If CVMFS is not available:

```shell
export APPTAINER_CACHEDIR="/tmp/$(whoami)/apptainer"
apptainer shell -B /afs -B /eos docker://ghcr.io/hepdata/hepdata_lib:latest bash
```

Unpacking the image can take a few minutes the first time you use it. Please be patient. Both EOS and AFS should be available and the output will be in your current working directory.

## Further examples

There are a few more examples available that can directly be run using the [binder](https://mybinder.org/) links below or using [SWAN](https://swan.cern.ch/) (CERN-only, please use LCG release LCG_94 or later) and selecting the corresponding notebook manually:

- [Reading in text files](https://github.com/HEPData/hepdata_lib/blob/main/examples/Getting_started.ipynb)
[![Binder](https://mybinder.org/badge.svg)](https://mybinder.org/v2/gh/HEPData/hepdata_lib/main?filepath=examples/Getting_started.ipynb)
<br/><br/>
- [Reading in a CMS combine ntuple](https://github.com/HEPData/hepdata_lib/blob/main/examples/combine_limits.ipynb)
[![Binder](https://mybinder.org/badge.svg)](https://mybinder.org/v2/gh/HEPData/hepdata_lib/main?filepath=examples/combine_limits.ipynb)
<br/><br/>
- [Reading in ROOT histograms](https://github.com/HEPData/hepdata_lib/blob/main/examples/reading_histograms.ipynb)
[![Binder](https://mybinder.org/badge.svg)](https://mybinder.org/v2/gh/HEPData/hepdata_lib/main?filepath=examples/reading_histograms.ipynb)
<br/><br/>
- [Reading a correlation matrix](https://github.com/HEPData/hepdata_lib/blob/main/examples/correlation.ipynb)
[![Binder](https://mybinder.org/badge.svg)](https://mybinder.org/v2/gh/HEPData/hepdata_lib/main?filepath=examples/correlation.ipynb)
<br/><br/>
- [Reading TGraph and TGraphError from '.C' files](https://github.com/HEPData/hepdata_lib/blob/main/examples/read_c_file.ipynb)
[![Binder](https://mybinder.org/badge.svg)](https://mybinder.org/v2/gh/HEPData/hepdata_lib/main?filepath=examples/read_c_file.ipynb)
<br/><br/>
- [Preparing scikit-hep histograms](https://github.com/HEPData/hepdata_lib/blob/main/examples/reading_scikithep_histograms.ipynb)
[![Binder](https://mybinder.org/badge.svg)](https://mybinder.org/v2/gh/HEPData/hepdata_lib/main?filepath=examples/reading_scikihep_histograms.ipynb)
<br/><br/>

## External dependencies

- [ROOT](https://root.cern.ch)
- [ImageMagick](https://www.imagemagick.org)

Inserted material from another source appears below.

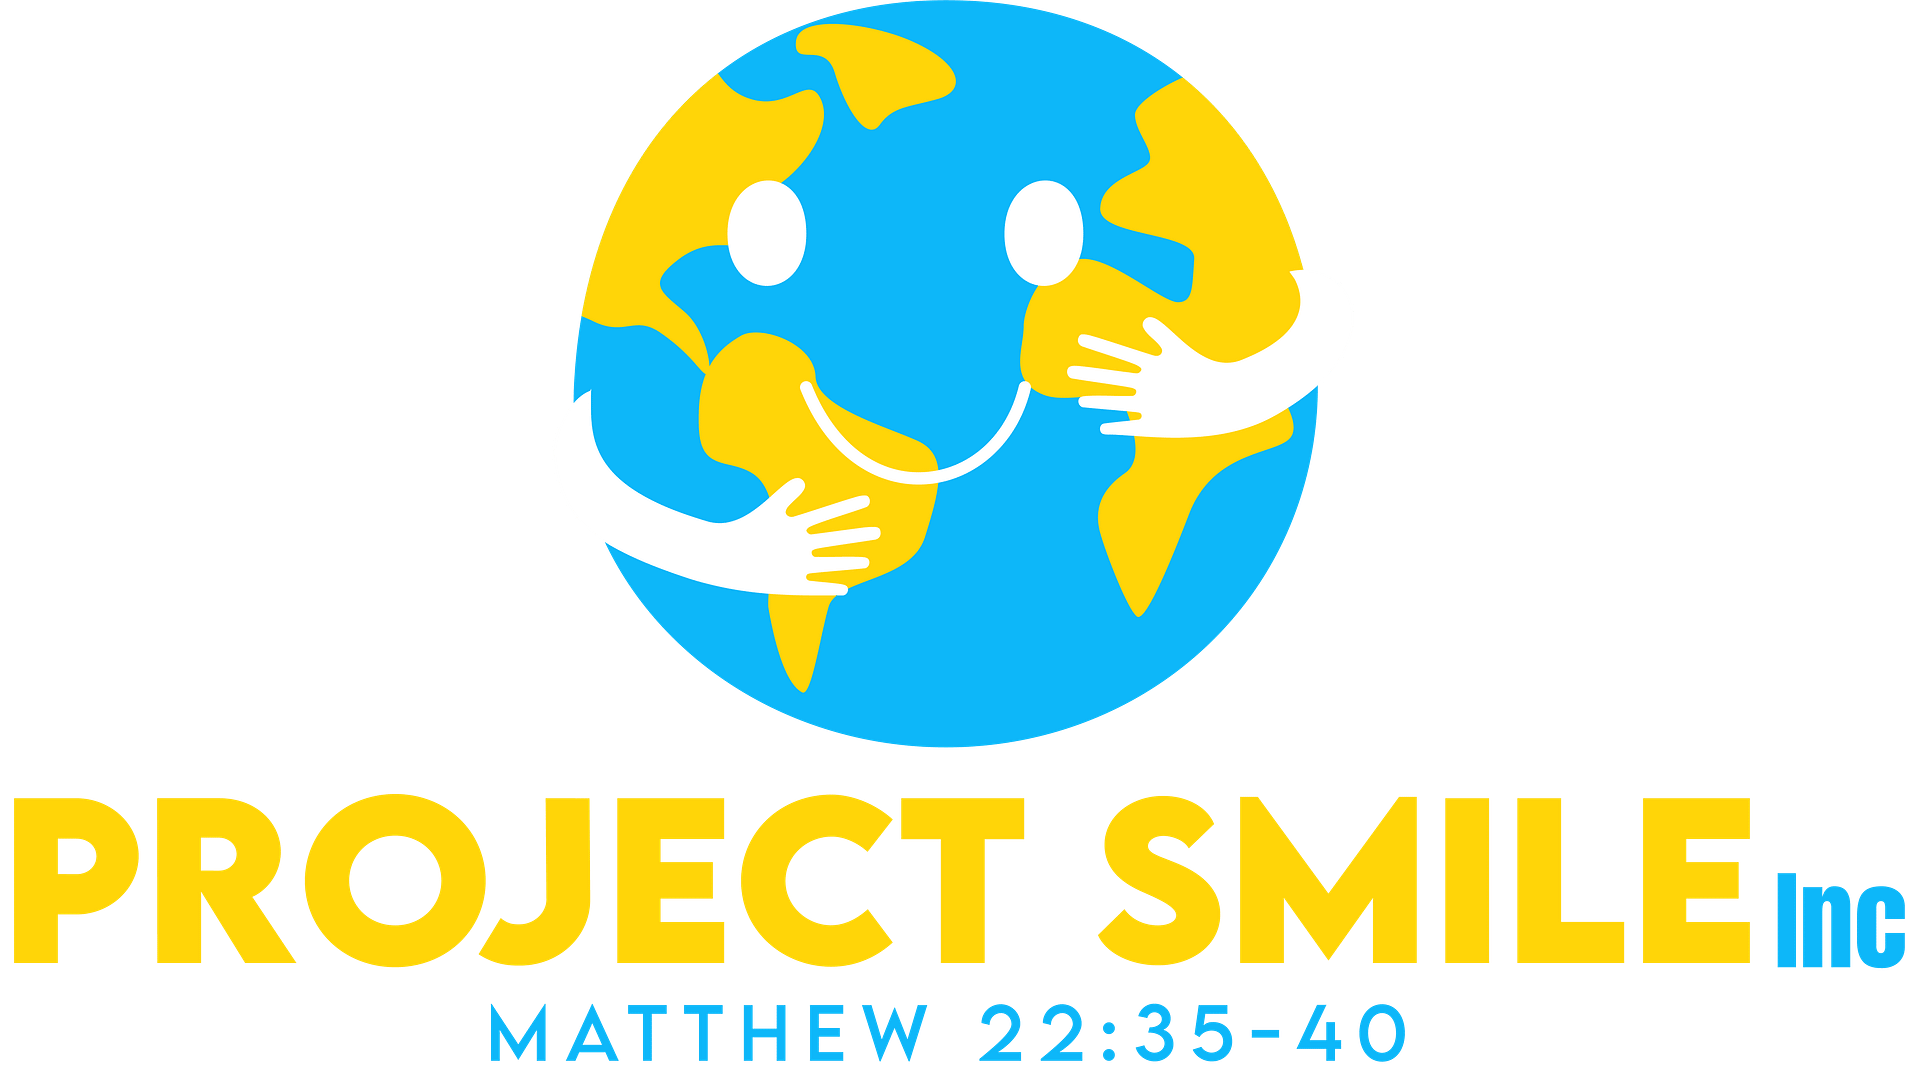 Projects Smiles

Make sure that you have `ROOT` in your `$PYTHONPATH` and that the `convert` command is available by adding its location to your `$PATH` if needed.

A ROOT installation is not strictly required if your input data is not in a ROOT format, for example, if
your input data is provided as text files or `scikit-hep/hist` histograms.  Most of the `hepdata_lib`
functionality can be used without a ROOT installation, other than the `RootFileReader` and `CFileReader` classes,
and other functions of the `hepdata_lib.root_utils` module.